Torres, one of the newest members of University Police, spent several years in the Marine Corps Reserves before starting to work as a police officer. He completed his second tour in Iraq before coming to BU.

“I’m still in the learning phase,” he said.

It had promised to be a slow night: much of campus had already left for the Thanksgiving break. But then, at around 1 a.m., in an incident originally reported in the Nov. 21 edition of Police Watch, a noise complaint came in from Hillside Community’s Filmore Hall.

When police arrived at the noisy room, residents there readily invited the officers in. The party had died down, but beer cans were still strewn throughout the room.

When officers asked the age of one female visitor holding a beer, she hesitated a moment, and then quickly said, “I have to go to the bathroom.”

Soon after, another visitor locked himself in the bathroom with the female. When officers tried to get him to open the door, he said that he was urinating.

After several minutes another officer on the scene, frustrated, told the two that they had better get out of the bathroom. They did, with the male holding a can of Keystone. Torres asked him his age.

“I’m 21,” he said, likely thinking he was off the hook. Torres asked him his birth date. The date he gave indicated that he was 22. Out came the officers’ ticket books.

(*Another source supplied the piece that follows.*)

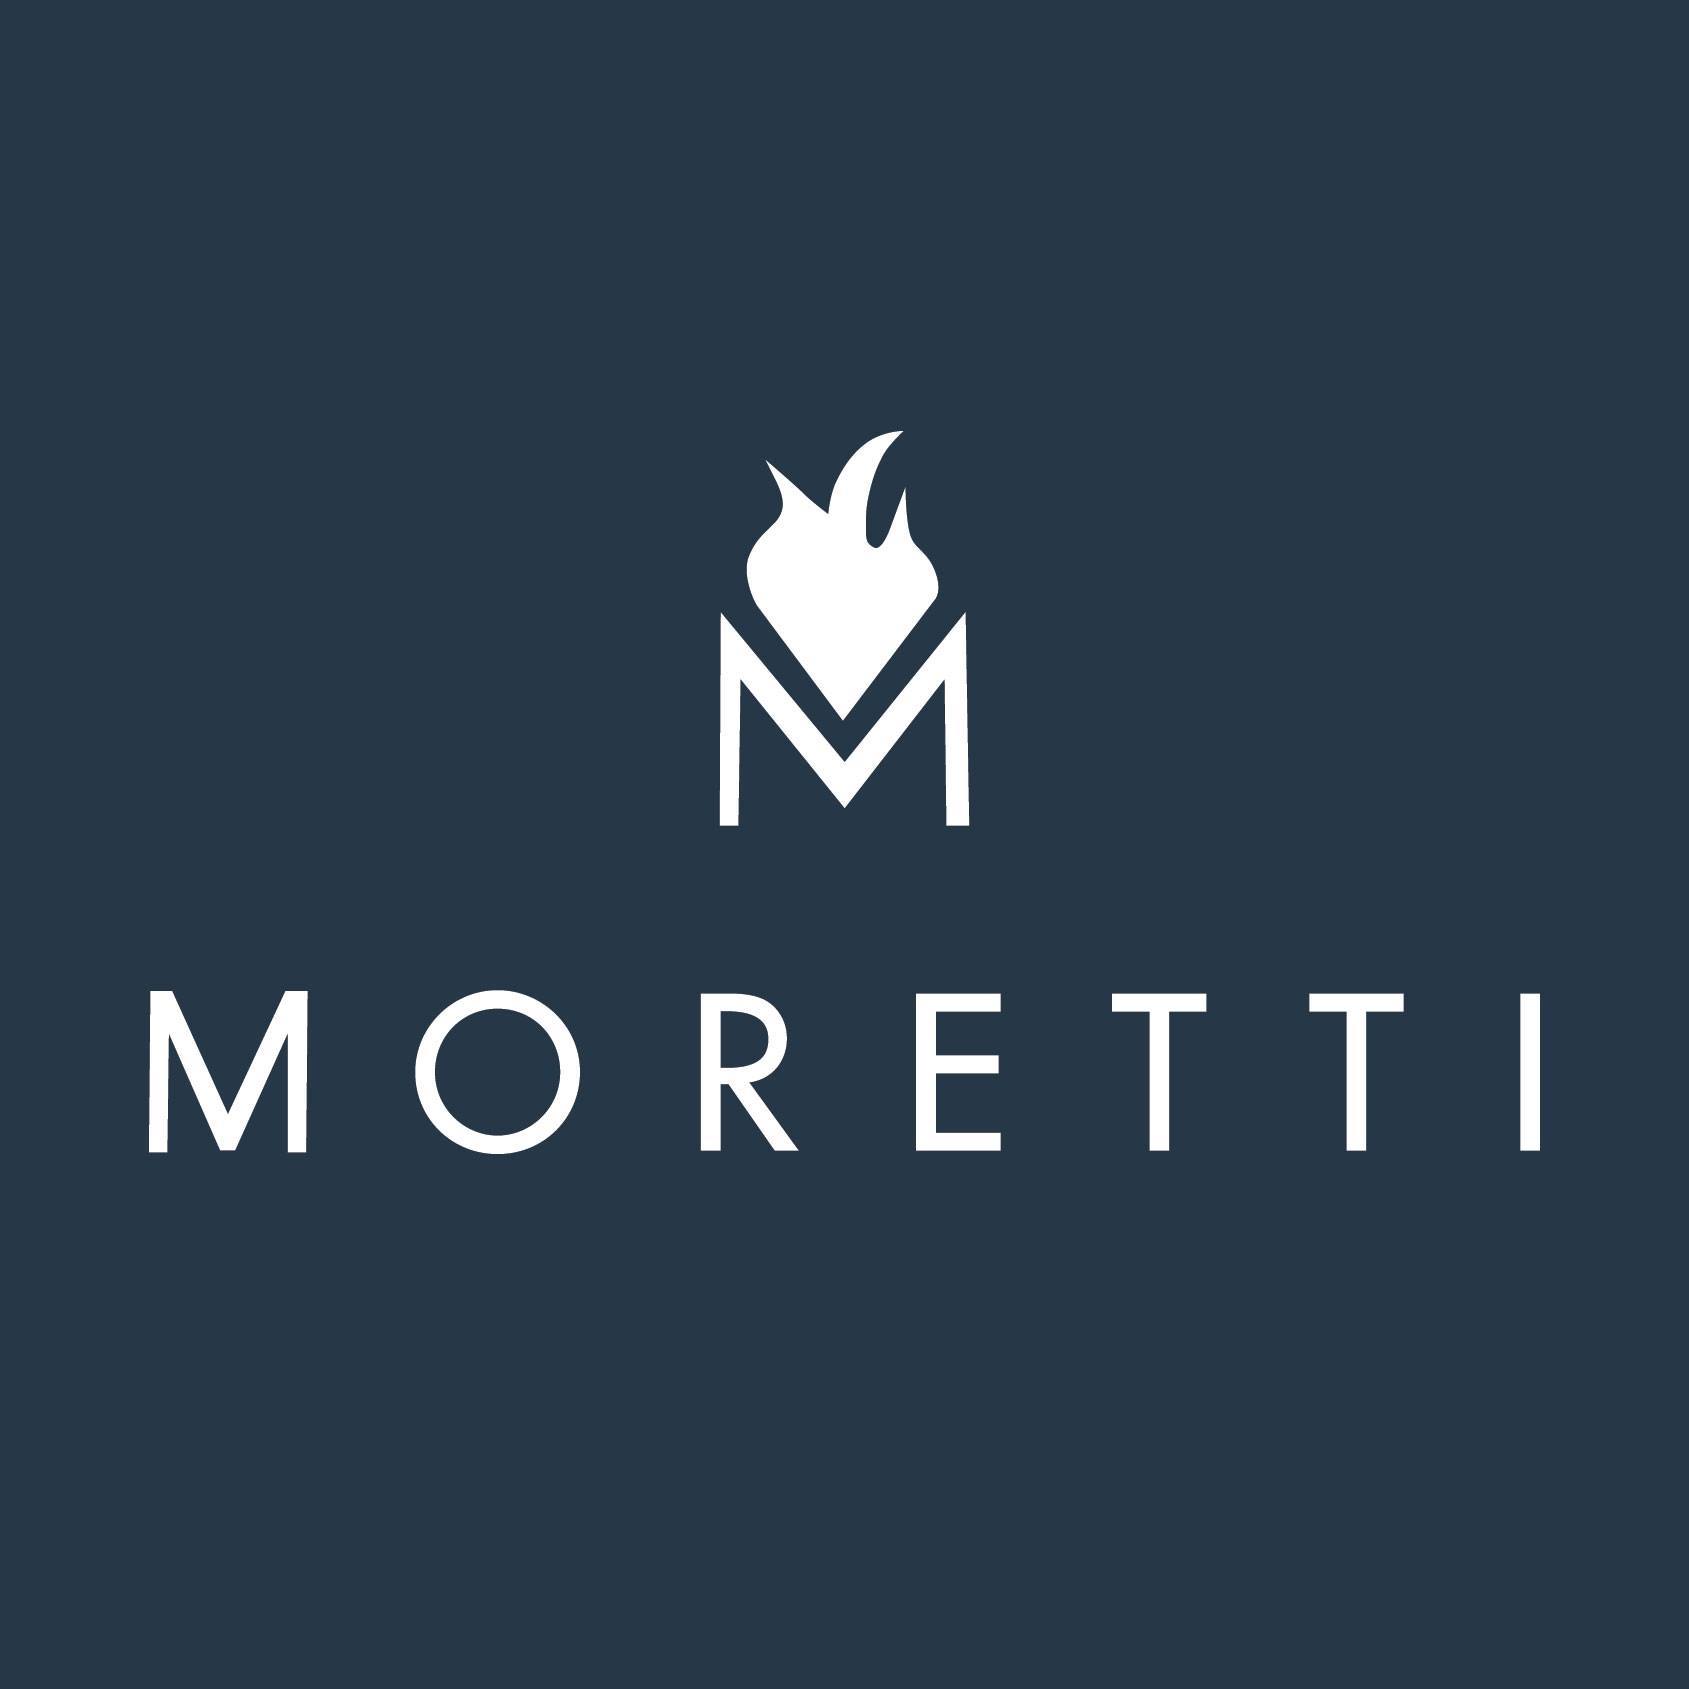 Company logo of Moretti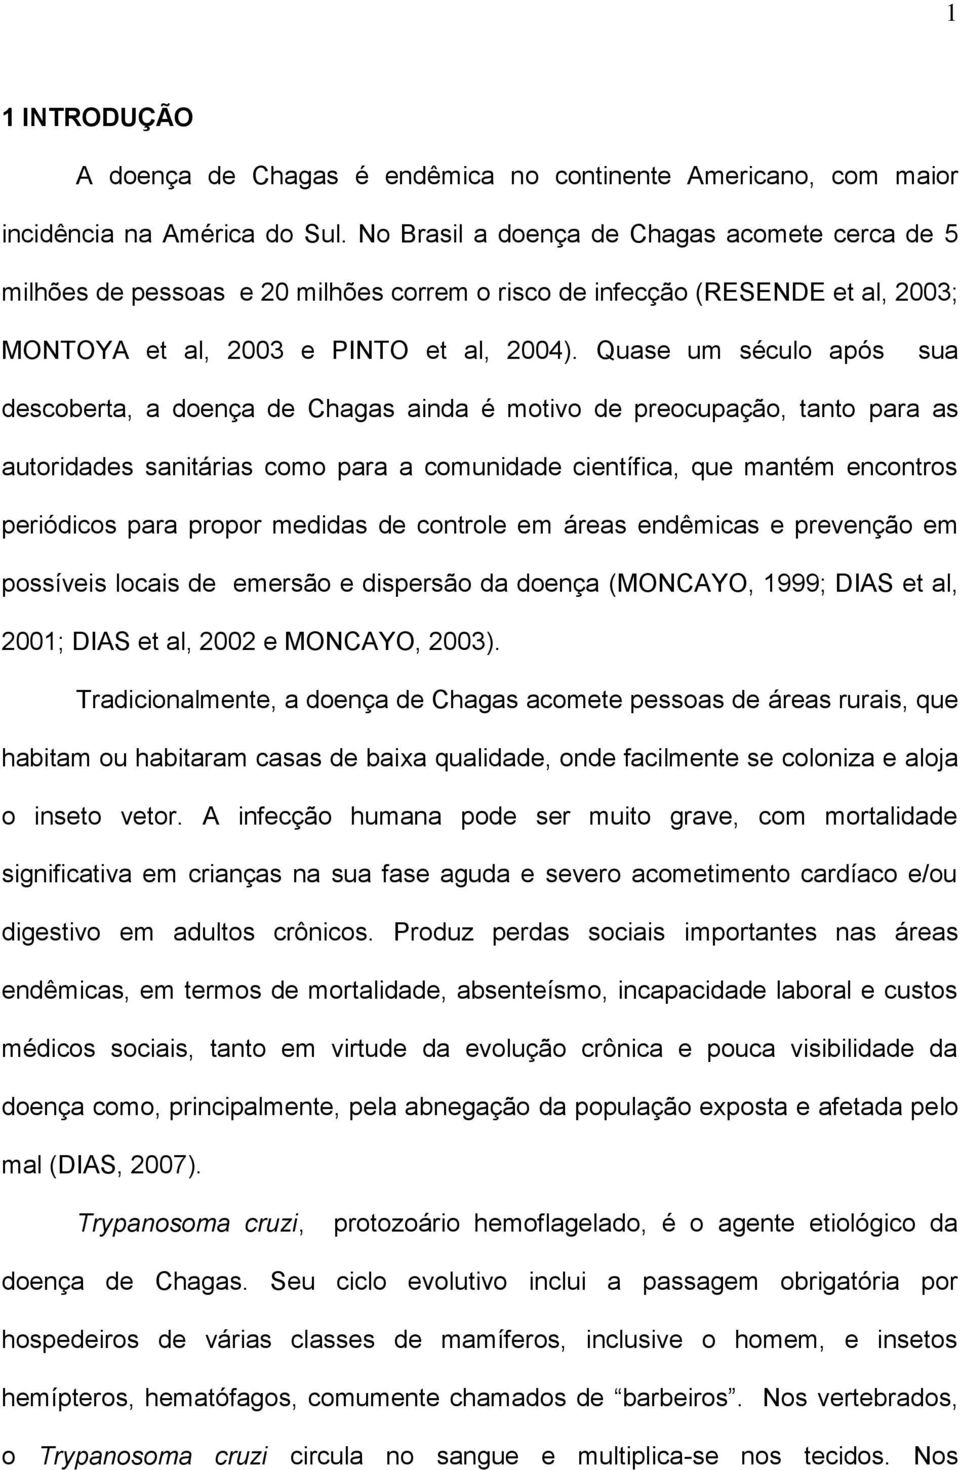 Quase um século após sua descoberta, a doença de Chagas ainda é motivo de preocupação, tanto para as autoridades sanitárias como para a comunidade científica, que mantém encontros periódicos para

The officer gave appearance tickets to both the male and the female.

The male protested that he hadn’t been drinking, and he said that the officers had made it up to get him in trouble, even though both saw him with the Keystone.

None of the six residents fared worse than a judicial referral: the apartment’s residents had been respectful, Torres said. Respect goes a long way, he added.

But that came up at odds with something Whalen had told me earlier in the night.

“You’re not supposed to give tickets based on attitude,” he said. Whalen said he always weighs the circumstances and facts at hand.

“If I encounter someone who is arrogant or belligerent, I try not to weigh that in,” he said. “We all come from different places.”